В рассказе, напечатанном в журнале Redbook («Мужчина, который вел себя как муж», ноябрь 1957 года), к героине, очень юной невесте, «маленькой брюнетке с веснушчатым лицом» по прозвищу Малышка приезжает в гости бывшая соседка по колледжу, Кей. Эта соседка – «своя среди парней, с прекрасной деловой хваткой… блестящие волосы цвета красного дерева она собирала в высокий пучок, который пронзали две палочки». Кей в разводе, но что ужаснее, она оставила ребенка с бабушкой, пока сама работает на телевидении. Этот карьерный дьявол заманивает Малышку работой и мешает ей кормить ребенка грудью. Она даже уговаривает молодую мать не подходить к своему плачущему в два часа ночи ребенку. Однако получает заслуженный отпор, когда муж героини, Джордж, обнаруживает плачущего ребенка, лежащего без одеяльца на ледяном ветру из распахнутого окна; по щекам младенца течет кровь. Кей, исправившаяся и раскаявшаяся, пробует отлынивать от работы, чтобы завести собственного ребенка и начать жизнь заново. А Малышка ликует по поводу кормления в два часа ночи: «Я рада, рада, рада, что я всего лишь домохозяйка» – и мечтает о том, что ребенок, когда вырастет, тоже станет домохозяйкой.

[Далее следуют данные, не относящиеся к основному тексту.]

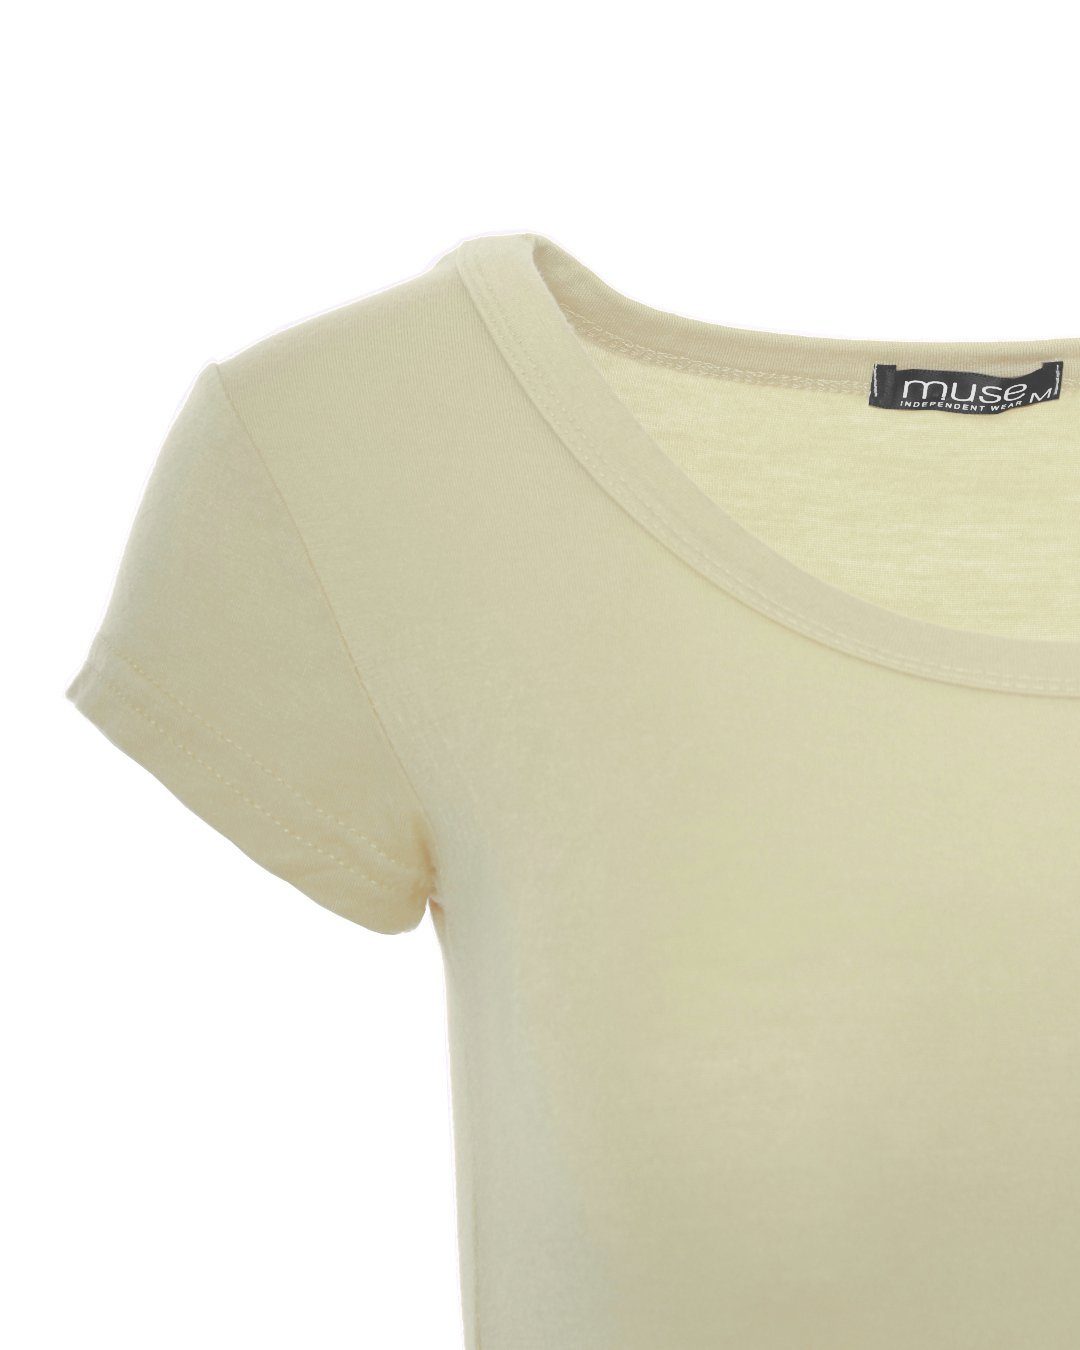 Basic Fit T-Shirt 1001 Kurzarm Muse Skinny sand T-Shirt

Когда с дороги уходит работающая женщина, дьяволом, которого нужно непременно изгнать, становится домохозяйка, активно интересующаяся общественными мероприятиями. Даже участие в родительском комитете приобретает подозрительный оттенок, не говоря уже об интересе к международным делам (см. «Без пяти минут интрижка», журнал McCall’s, ноябрь 1955 года). Следом идет домохозяйка, у которой просто есть собственное мнение. Героиня рассказа «Я не хотела тебе говорить» (журнал McCall’s, январь, 1958 года) знает, сколько денег осталось на счету, и спорит с мужем из-за бытовых мелочей. В итоге муж уходит к «беспомощной вдовушке», главная привлекательность которой состоит в том, что она совершенно «не разбирается» ни в договорах страхования, ни в ипотечном кредитовании. Брошенная жена сетует: «Наверное, она очень сексуальна. Что может здесь предложить жена?» На что ее лучшая подруга говорит: «Ты упрощаешь. Не забывай, насколько беспомощна Таня и как она благодарна мужчине за поддержку…»

 

«Я бы не смогла быть полностью зависимой от мужа, даже если бы попыталась, – отвечает жена. – После колледжа я получила хорошую работу и всегда была довольно самостоятельна. Я не беспомощная девчонка и не смогу ею притворяться». Но той ночью она всему научится. Она слышит шум, который, быть может, издает грабитель, и, хотя она знает, что это всего лишь мышь, зовет на помощь мужа и отбивает его у соперницы. В итоге супруг успокаивает якобы испуганную жену, а та бормочет, что этим утром он, конечно, был прав. «Она смирно лежала в мягкой постели и улыбалась, испытывая сладкое, скрытое удовольствие, едва тронутое чувством вины».

В конце этого пути, практически в буквальном смысле, – полное исчезновение героини как отдельной личности и творца собственной истории. В конце этого пути – единение, когда у женщины даже нет необходимости скрывать собственное «Я» в чувстве вины, поскольку оно отсутствует. Она живет только ради мужа и детей, только их жизнью.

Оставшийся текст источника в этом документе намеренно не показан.